The name all_of_e denotes a customization point object. The expression execution::all_of_e(EP, F, L) for some expressions EP, F and F is expression-equivalent to the following:

  • static_cast<decltype(all_of_e(EP, F, L))>(all_of_e(EP, F, L)), if that expression is well-formed when evaluated in a context that does not include execution::all_of_e but does include the lookup set produced by argument-dependent lookup (6.4.2).
  • Otherwise if is_execution_policy_v<decay_t<EP>> is true then execution::all_of_e(EP, F, L)
  • Otherwise execution::all_of_e(EP, F, L) is ill-formed.

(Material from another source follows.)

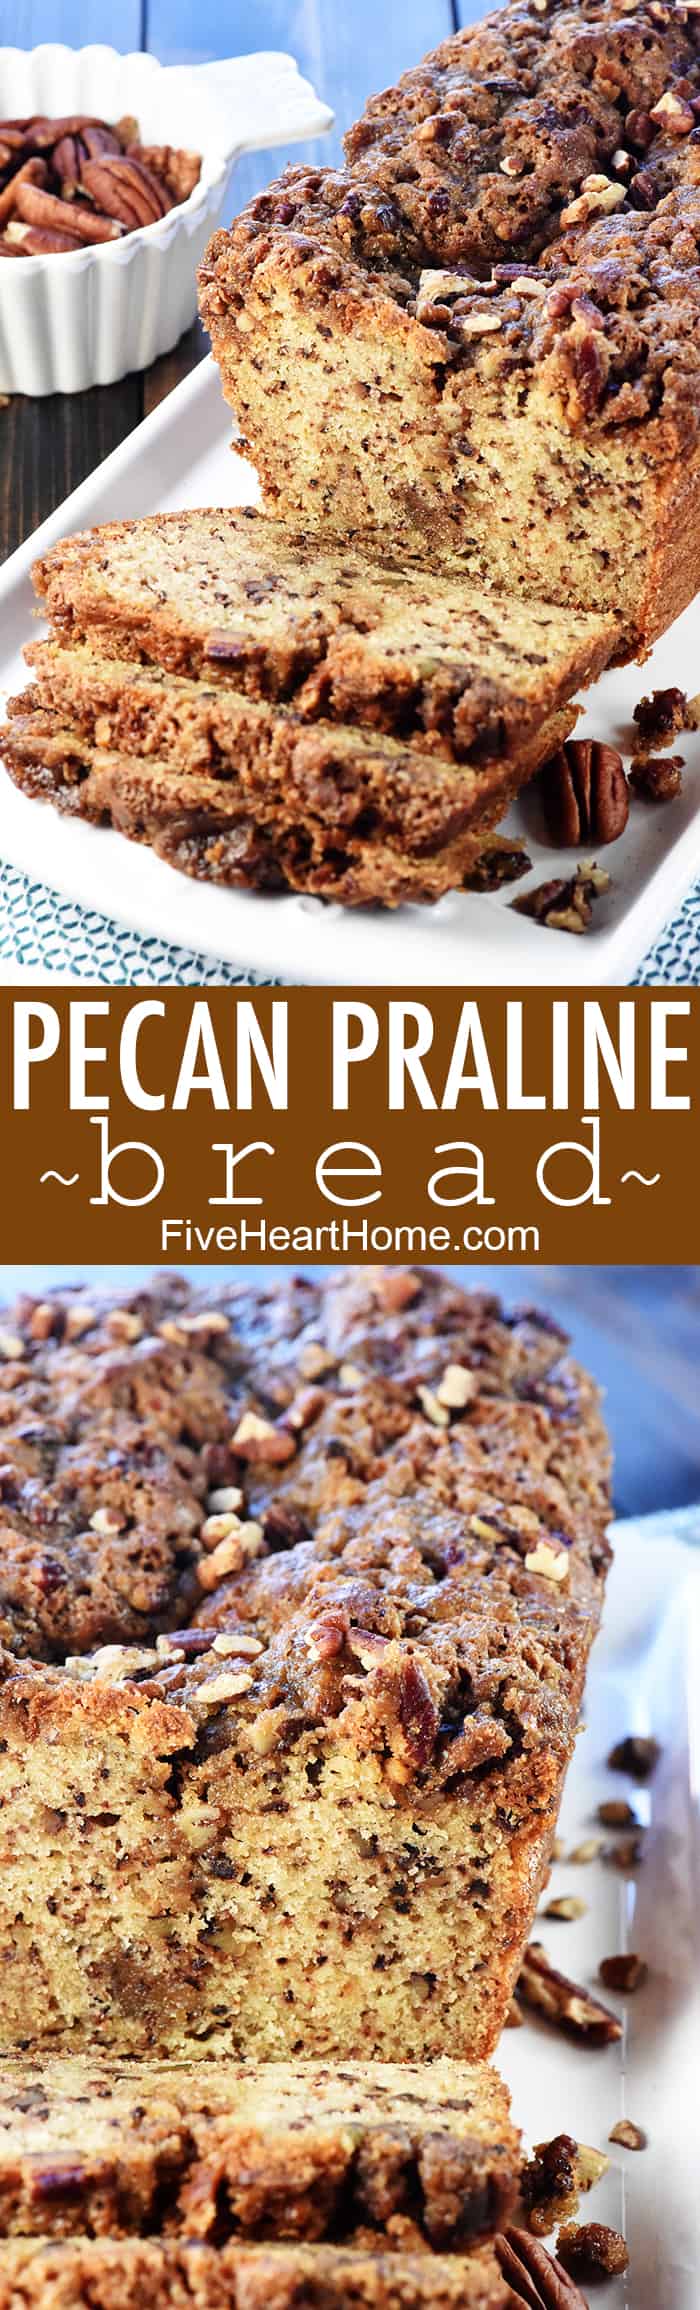 Pecan Praline Bread ~ a delicious quick bread recipe with a tender crumb and a ribbon of brown sugar pecans for added sweetness and crunch! | FiveHeartHome.com via @fivehearthome

Repeat the above definition of all_of for the other ExecutionPolicy-taking algorithms.

Open questions

  • The wording for customization points will need clarifying to decide precisely the right strategy for having an overload of a pre-existing std:: function call a customization point object without risk of conflicts. I have added _e to the names in the execution namespace as a handover from a pre-existing std namespace function into an execution customization point.
  • In the text above we templated the execution policies. Due to the pre-existing ones we may want to create new policies, or make the return type of policy.on(executor) entirely implementation defined with the expectation that implementations use traits correctly. If so this is a minor change and we have left it out of the proposal above. Quite how we package the result of policy.on(executor) is fairly flexible without changing the fundamentals.